My question is how to calculate the probability of being absorbed eventually if we start at the origin.
Attempt I
I try to imitate the solution to solve the similar question with two absorbing barrier(eg.a and -a).
In detail,let $$p_k=P(\{\text{start at k and be absorbed at a eventually\}})$$ Obviewsly,we have $p_{-a}=0$ and $p_{a}=1$
Besides,we can draw the equation: $$p_k=p_{k+1}*p+p_{k-1}*(1-p)$$
By this equation and initial condition above,we can attain the expression of $p_k$ and $p_0$ is what we need.
But this method is noneffective for the problem at hand because there is only one barrier,thus we only have one equation in the initial condition.
Attempt II
I try to simplify the question.Consider there is no barrier,we only need to start at the orign and end at -a with n steps.

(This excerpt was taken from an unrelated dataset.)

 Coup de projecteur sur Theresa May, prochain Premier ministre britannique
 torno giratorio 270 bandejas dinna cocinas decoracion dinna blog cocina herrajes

It's simple to calculate such $p_n$.But some moves are invalid for our real question because they have reached -a before n steps.If we can find the number of invalid moves,which I can't resolve,we can attain $p_n'$,probability of being absorbed at -a right on the n_th step.Finally what we need is $\sum\limits_{n=a}^{+\infty}p_n'$
Hint: Attempt 1 is close. You can indeed leverage the two-barrier solution; instead of having the other barrier be $a$, have it be some independent quantity (say, $b$). Compute the probability of reaching $b$ before reaching $-a$; then, take a limit as $b \to \infty$.